Mild Solutions of the (ρ₁,ρ₂,k₁,k₂,φ)-Proportional Hilfer–Cauchy Problem

Inspired by prior research on fractional calculus, we introduce new fractional integral and derivative operators: the $({\rho }_1,{\rho }_2,k_1,k_2,\phi )$-proportional integral and the $({\rho }_1,{\rho }_2,k_1,k_2,\phi )$-proportional Hilfer fractional derivative. Numerous previous studied fractional integrals and derivatives can be considered as particular instances of the novel operators introduced above. Some properties of the $({\rho }_1,{\rho }_2,k_1,k_2,\phi )$-proportional integral are discussed, including mapping properties, the generalized Laplace transform of the $({\rho }_1,{\rho }_2,k_1,k_2,\phi )$-proportional integral and $({\rho }_1,{\rho }_2,k_1,k_2,\phi )$-proportional Hilfer fractional derivative.
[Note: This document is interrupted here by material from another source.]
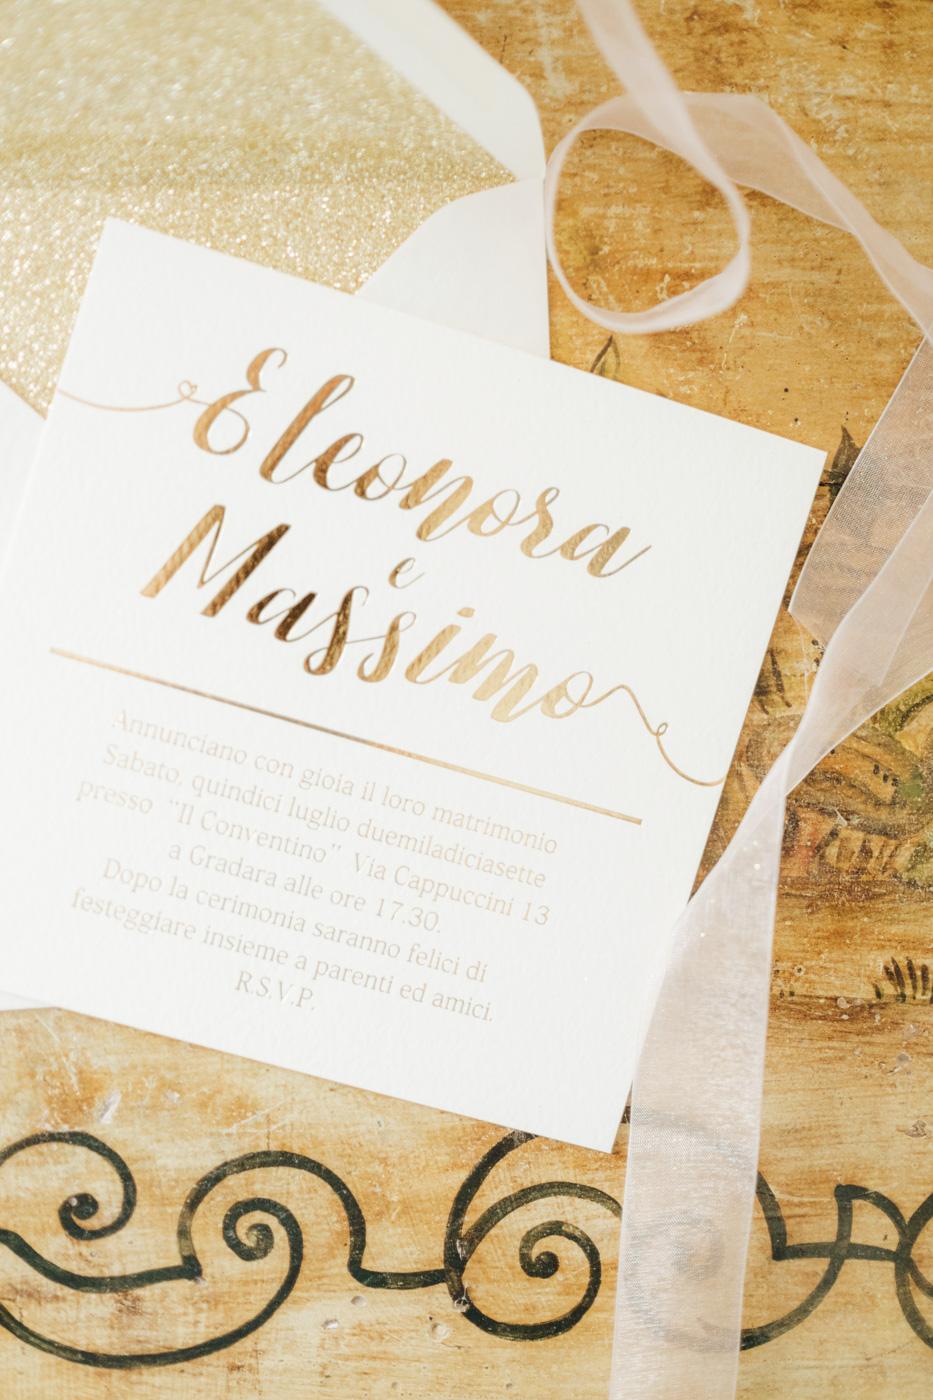 Matrimoni all'italiana wedding photographer italy-38.jpg

The results obtained suggest that the most comprehensive formulation of this fractional calculus has been achieved. Under the guidance of the findings from earlier sections, we investigate the existence of mild solutions for the $({\rho }_1,{\rho }_2,k_1,k_2,\phi )$-proportional Hilfer fractional Cauchy problem. An illustrative example is provided to demonstrate the main results.